Présentation de nouveaux faits
Le jugement de la chambre de première instance tombe le 20 décembre 2012. Ngirabatware est déclaré « coupable de génocide, incitation directe et publique à commettre le génocide et le viol ». Selon la chambre présidée par le juge tanzanien William Hussein Sekule, l’ex-ministre a incité, aidé et encouragé les miliciens de sa commune natale de Nyamyumba à tuer leurs voisins tutsis et à violer les femmes tutsies en avril 1994. Ce qui lui vaut une peine de 35 ans d’emprisonnement. Cependant, le 18 décembre 2014, la chambre d’appel l’acquitte du chef « viol constitutif de crime contre l’humanité » et réduit la peine à 30 ans de prison.

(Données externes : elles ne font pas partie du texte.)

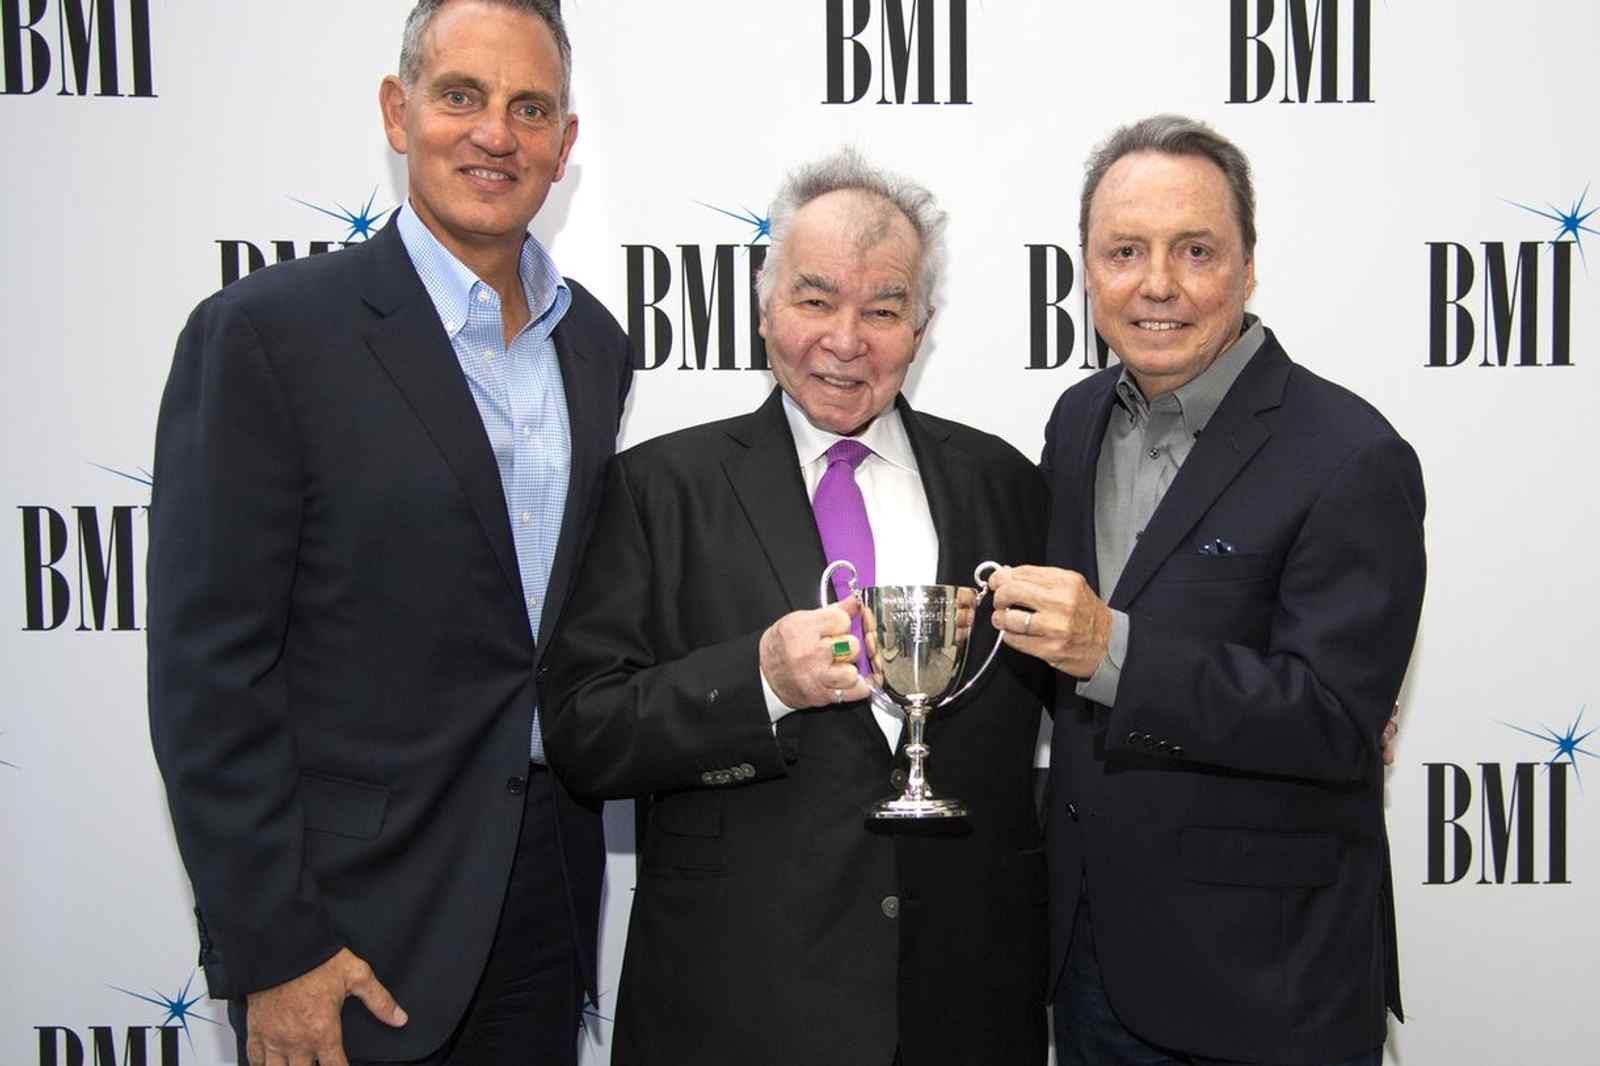 BMI Honors John Prine With Troubadour Award

Protestant de son innocence, Ngirabatware refuse de s’avouer vaincu. Dans une requête déposée le 8 juillet 2016 devant le Mécanisme pour les tribunaux pénaux internationaux (MTPI), qui assure les fonctions résiduelles du TPIR, l’ex-dirigeant demande un nouveau procès, expliquant disposer de nouveaux faits l’exonérant de toute responsabilité dans les crimes pour lesquels il a été condamné. Le 19 juin 2017, le MTPI y fait droit. « C’est la première fois que le Mécanisme fait droit à une demande de révision d’un jugement final », souligne le MTPI dans un communiqué.

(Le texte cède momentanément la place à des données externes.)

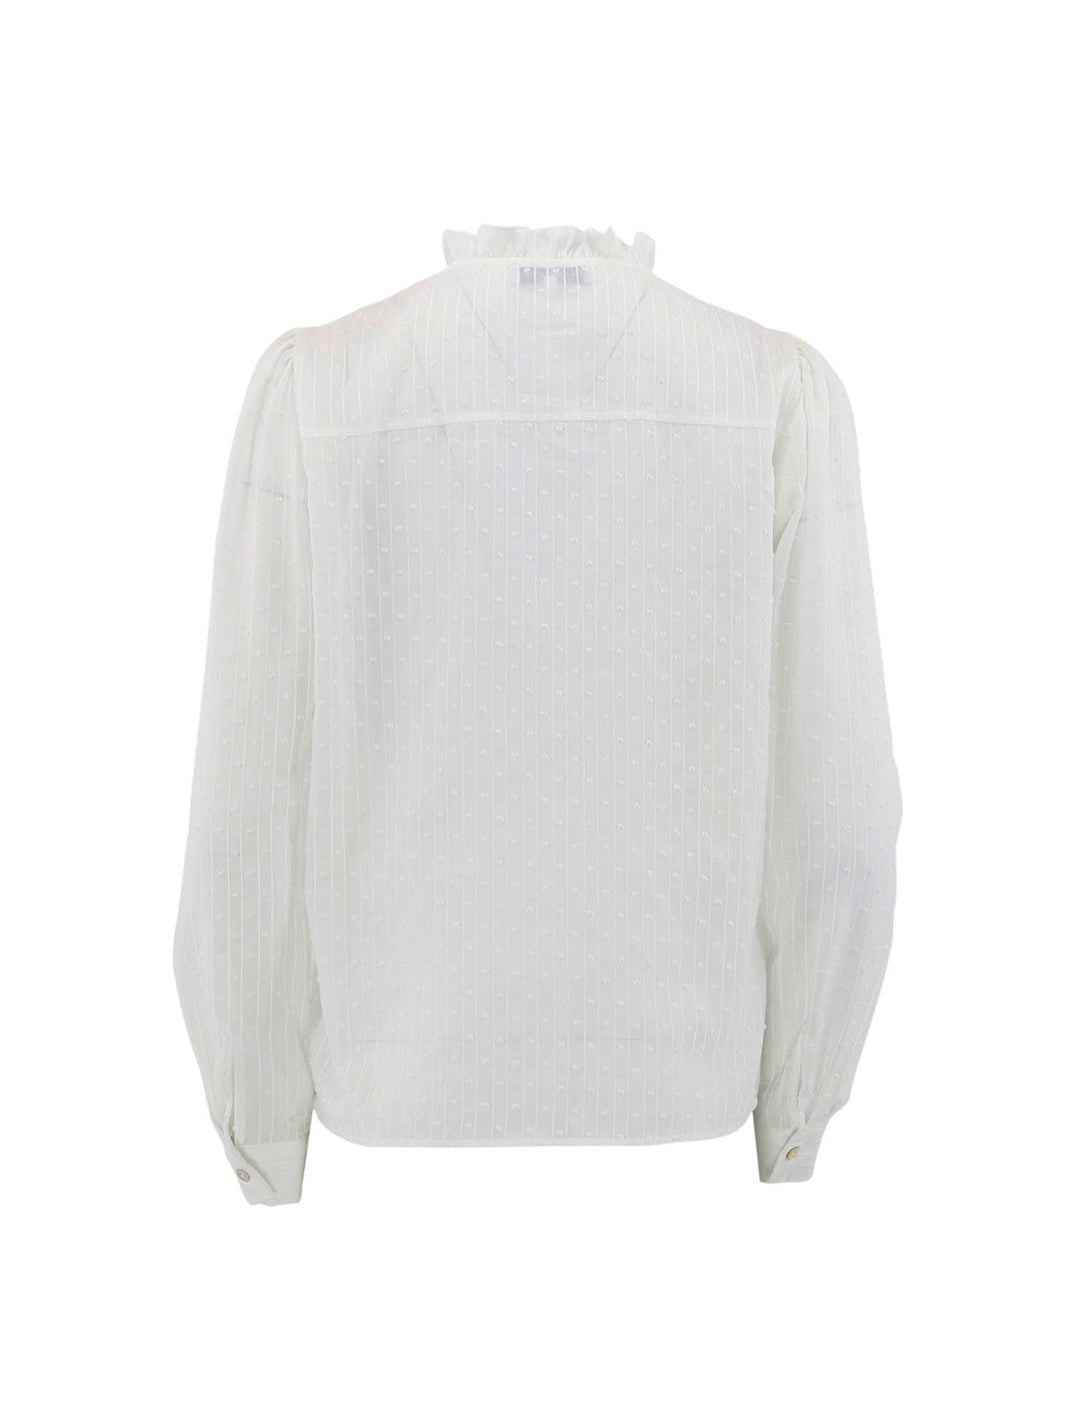 Continue Mili blue stripe shirt white - Online-Mode

Équipe de défense arrêtée au Rwanda
Initialement programmé pour février 2018 dans un premier temps, le nouveau procès sera reporté deux fois. D’abord pour permettre à la nouvelle avocate de la défense, Diana Ellis, de se plonger dans le volumineux dossier. Puis début septembre 2018, alors que les audiences sont annoncées pour la fin du mois, cinq Rwandais, dont Dick Prudence Munyeshuli, un avocat qui travaillait comme enquêteur au sein de l’équipe de défense de Ngirabatware, sont arrêtés dans leur pays. Ils sont accusés par le procureur du MTPI d’avoir suborné ou cherché à suborner et intimider des témoins pour obtenir des déclarations favorables à l’ex-ministre. L’arrestation entraîne un nouveau report de l’ouverture du procès.
Les audiences démarrent donc enfin ce 16 septembre, après le rejet par la chambre d’une requête de l’accusation demandant que le procès attende que soit d’abord rendu le jugement dans l’affaire Munyeshuli. Les débats qui dureront jusqu’au 27 septembre, vont se dérouler devant une formation de cinq juges conduits par l’ex-président du MTPI, le juge Theodor Meron dont un certain nombre de décisions ont irrité les autorités rwandaises. Kigali reproche au magistrat américain d’avoir accordé la libération anticipée à de nombreux condamnés et d’être à l’origine de réductions de peine en appel.